__Exercise objective__
Output the data below exactly, images excluded.

__Information shown__
----------------
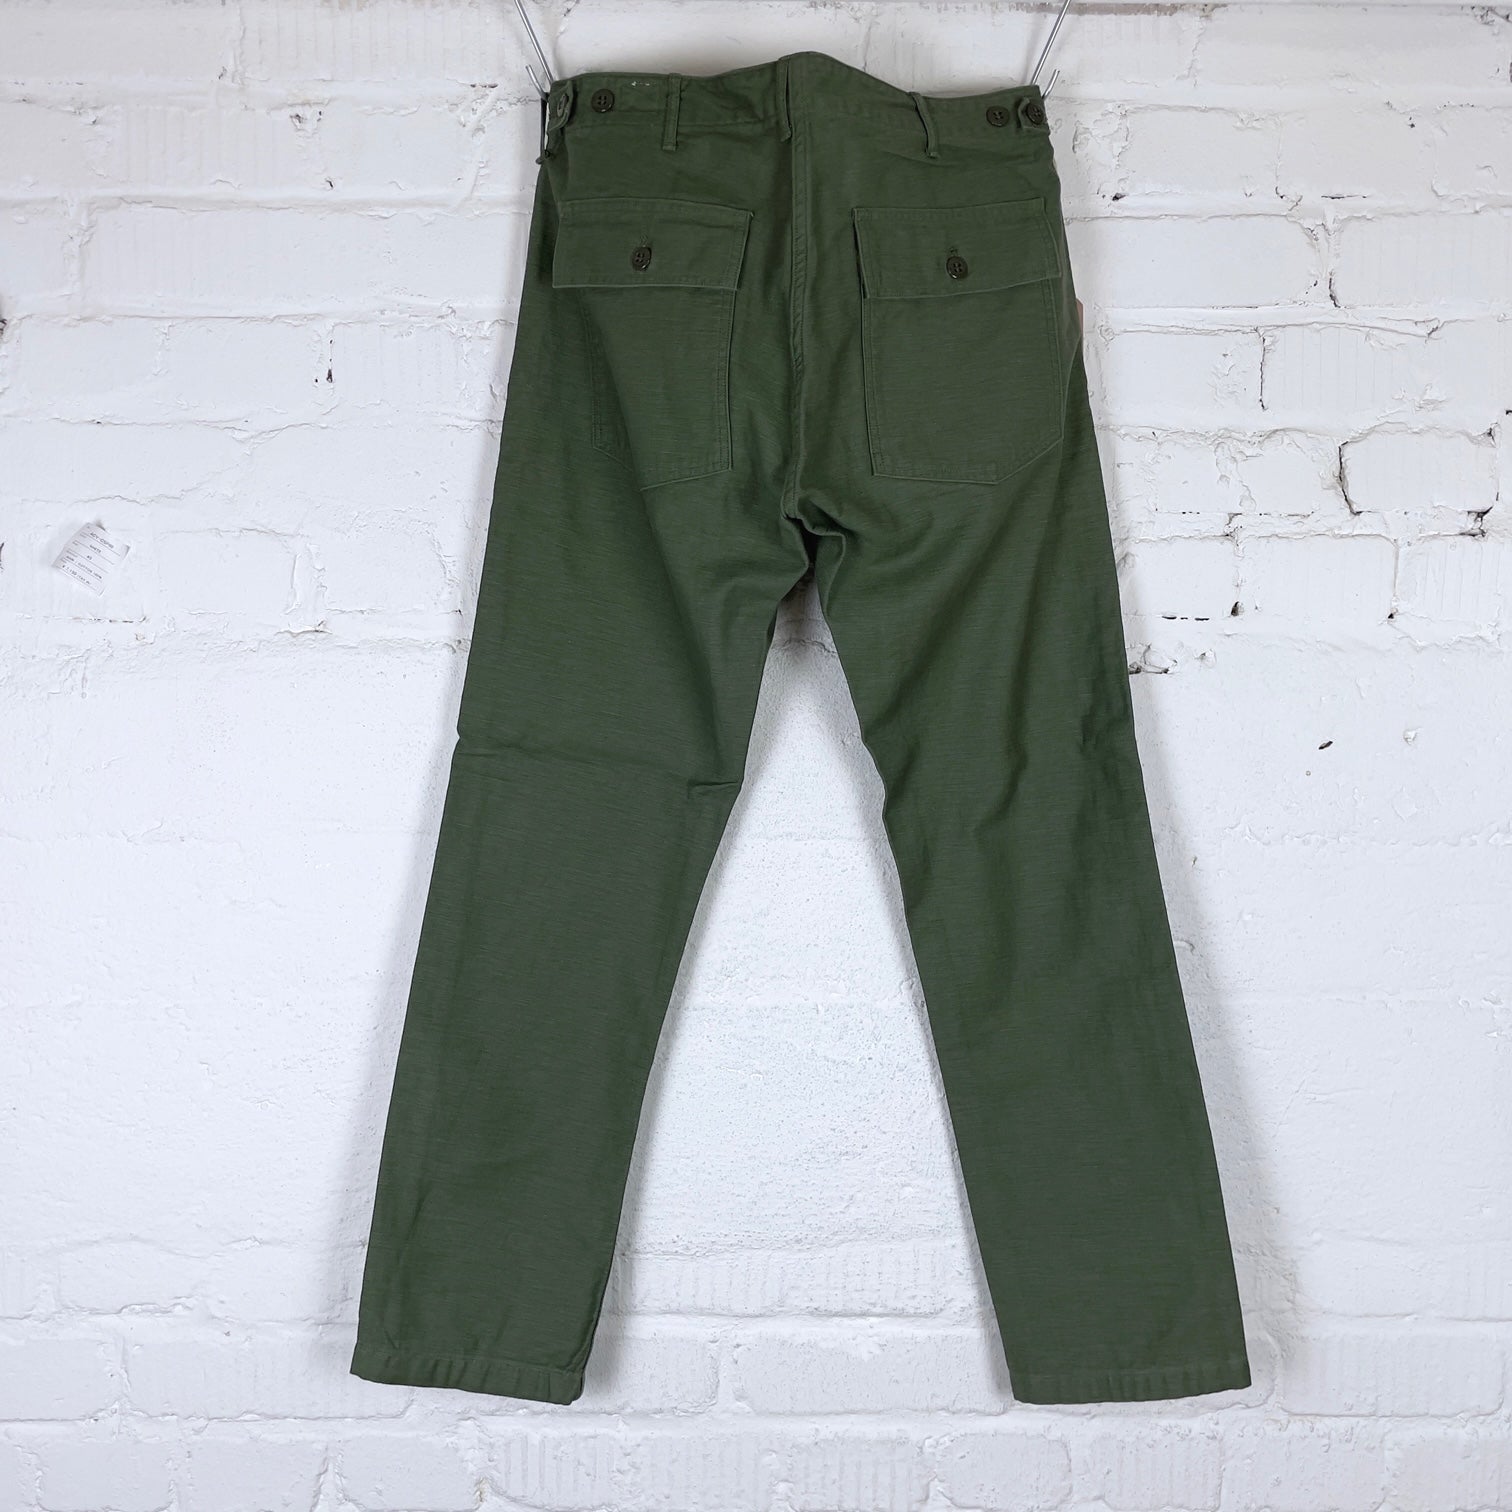 orslow | slim fit us army fatigue pants green
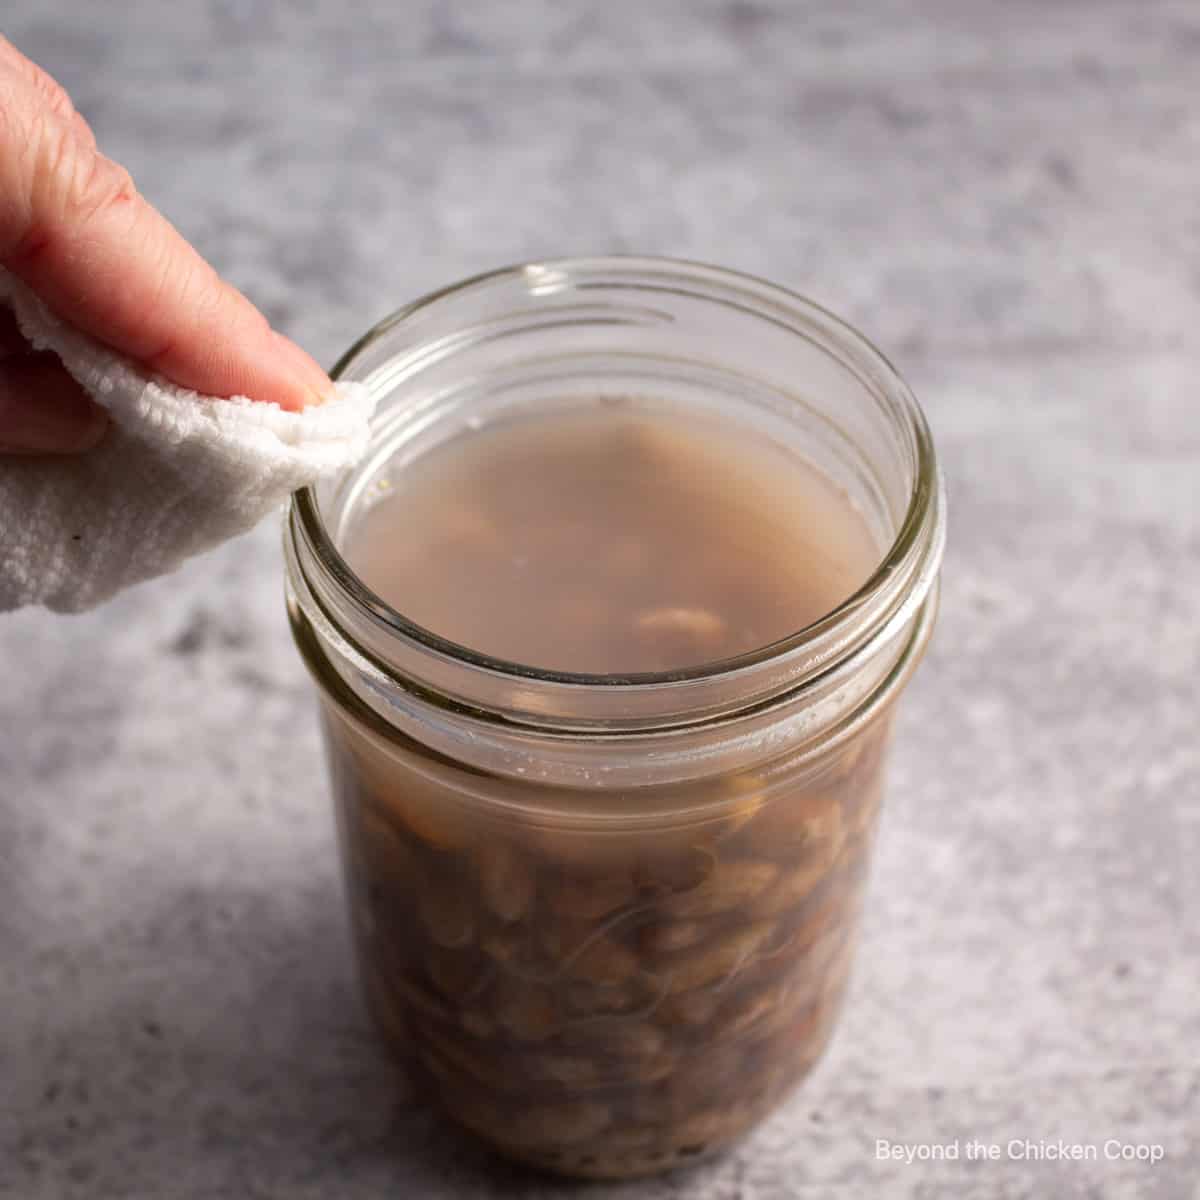 Wiping the rim of a canning jar.
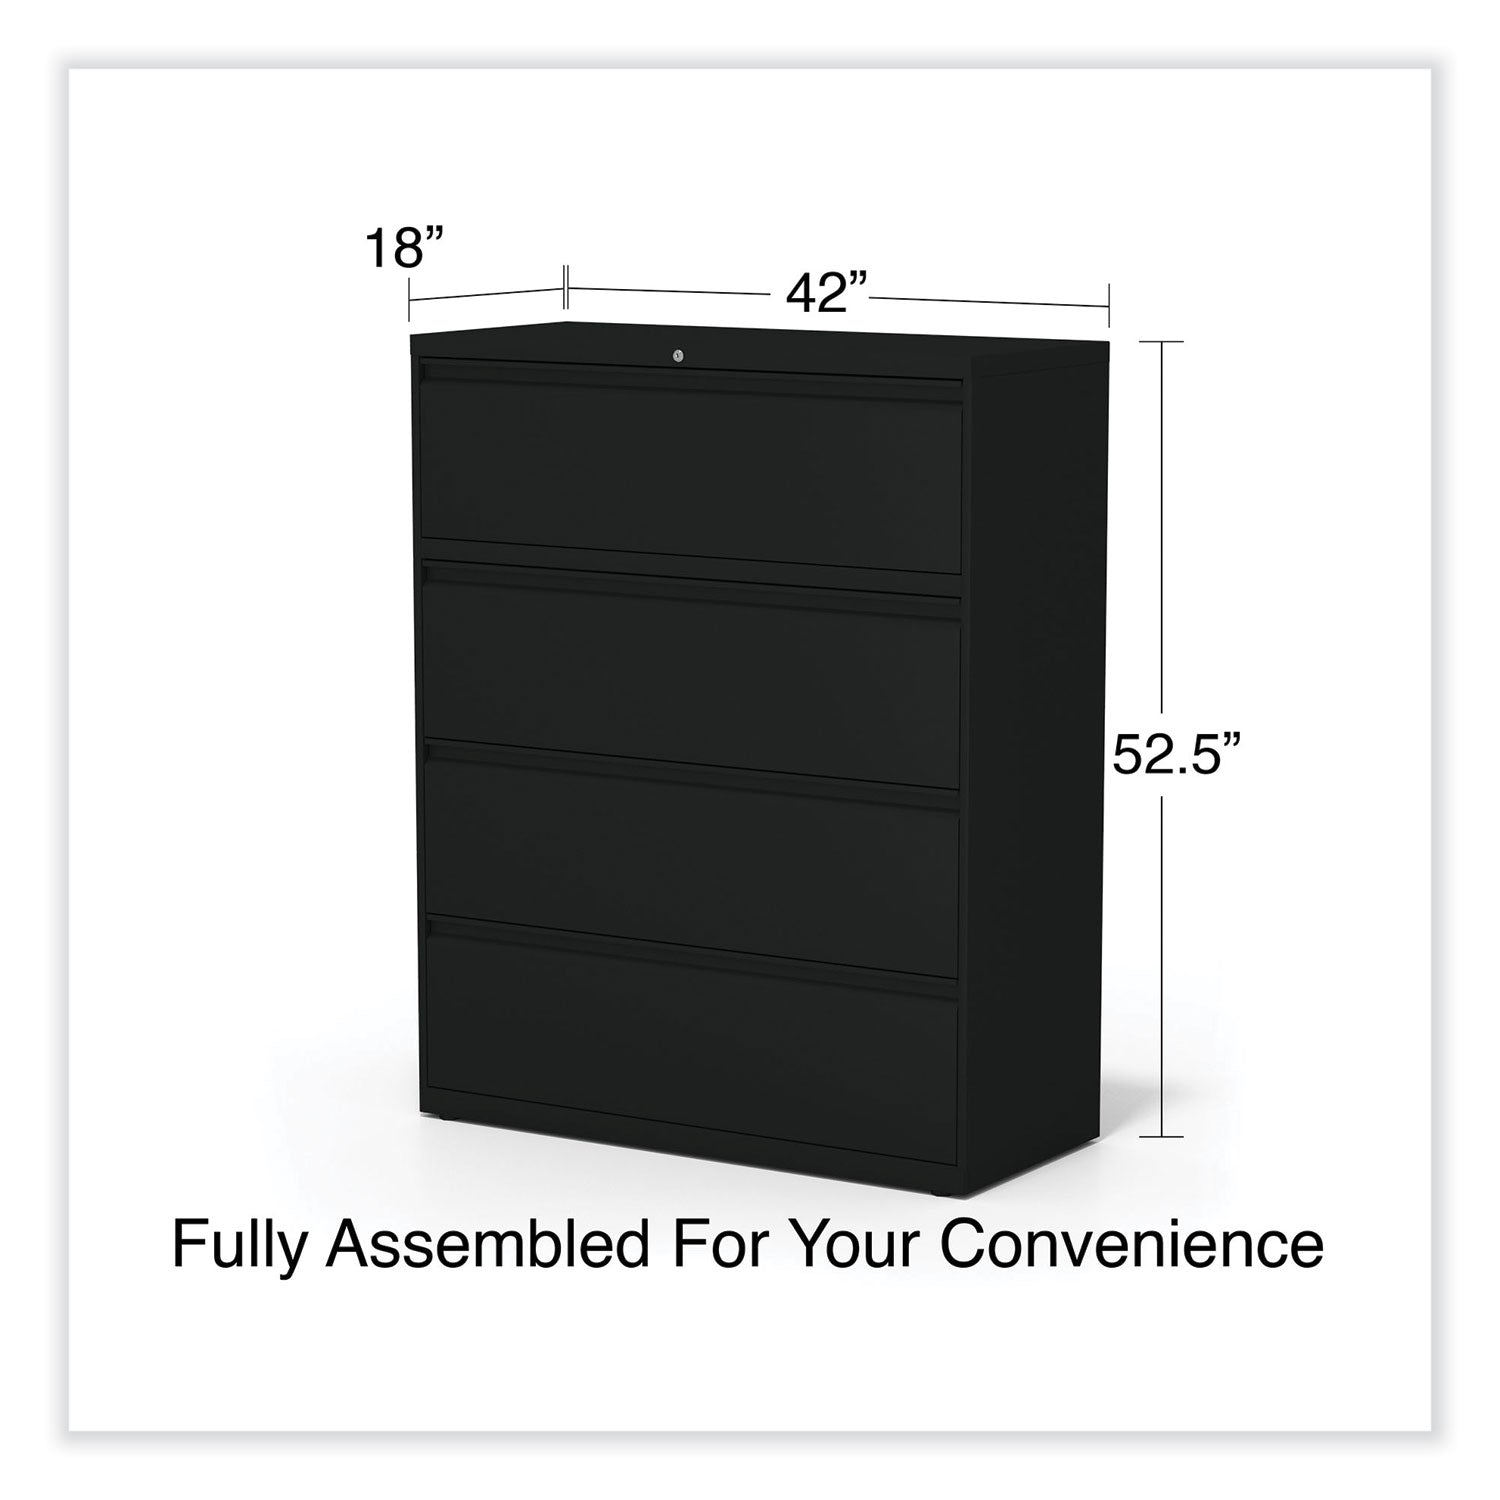 lateral-file-4-legal-letter-size-file-drawers-black-42-x-1863-x-525_alehlf4254bl - 6
----------------
__Task response__
 orslow | slim fit us army fatigue pants green
 Wiping the rim of a canning jar.
 lateral-file-4-legal-letter-size-file-drawers-black-42-x-1863-x-525_alehlf4254bl - 6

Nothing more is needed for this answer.